Department of Pathology, Division of Infectious Diseases and Geographic Medicine, Stanford University School of Medicine, Stanford, CA, USA.
Am J Surg Pathol. 2013 May;37(5):659-68. doi: 10.1097/PAS.0b013e31828706c0.

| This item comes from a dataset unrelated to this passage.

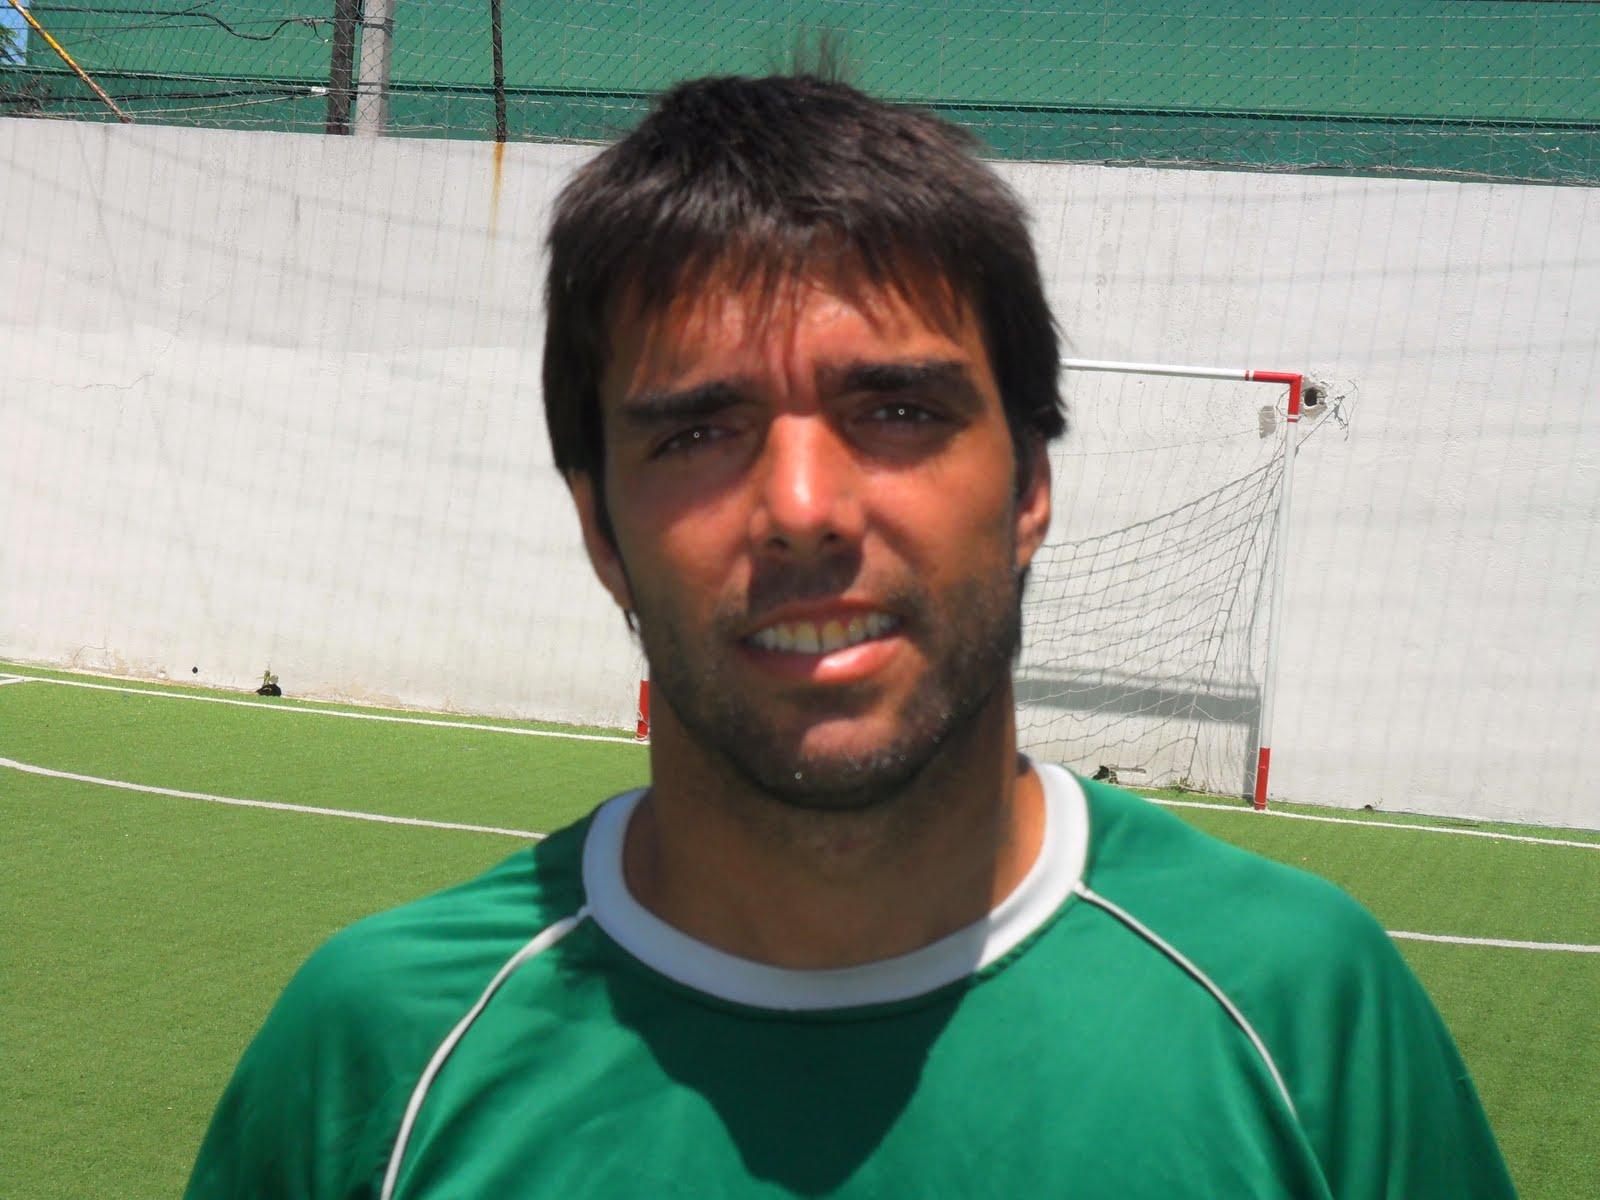 Exclusiva Con Martin Cardetti En Espana El Futbol Es Muy Vistoso

Although the incidence of human papillomavirus (HPV)-associated anal neoplasia is increasing, interobserver and intraobserver reproducibility in the grading of biopsy specimens from this area remains unacceptably low. Attempts to produce a more reproducible grading scheme have led to the use of biomarkers for the detection of high-risk HPV (HR-HPV). We evaluated the performance of standard morphology and biomarkers p16, ProEx C, and Ki-67 in a set of 75 lesions [17 nondysplastic lesions, 23 low-grade squamous intraepithelial lesions (LSIL)/condyloma, 20 high-grade squamous intraepithelial lesions (HSIL), 15 invasive squamous cell carcinomas] from the anal and perianal region in 65 patients and correlated these findings with HPV subtype on the basis of a type-specific multiplex real-time polymerase chain reaction assay designed to detect HR-HPV. A subset of cases with amplifiable HPV DNA was also sequenced. HSIL was typically flat (15/20), and only a minority (4/20) had koilocytes. In contrast, only 1 LSIL was flat (1/23), and the remainder were exophytic. The majority of LSIL had areas of koilocytic change (20/23). HR-HPV DNA was detected in the majority (89%) of invasive carcinomas and HSIL biopsies, 86% and 97% of which were accurately labeled by strong and diffuse block-positive p16 and ProEx C, respectively. LSIL cases, however, only infrequently harbored HR-HPV (13%); most harbored low-risk HPV (LR-HPV) types 6 and 11. Within the LSIL group, p16 outperformed ProEx C, resulting in fewer false-positive cases (5% vs. 75%). Ki-67 was also increased in HR-HPV-positive lesions, although biopsies with increased inflammation and reactive changes also showed higher Ki-67 indices. These data suggest that strong and diffuse block-positive nuclear and cytoplasmic labeling with p16 is a highly specific biomarker for the presence of HR-HPV in anal biopsies and that this finding correlates with high-grade lesions.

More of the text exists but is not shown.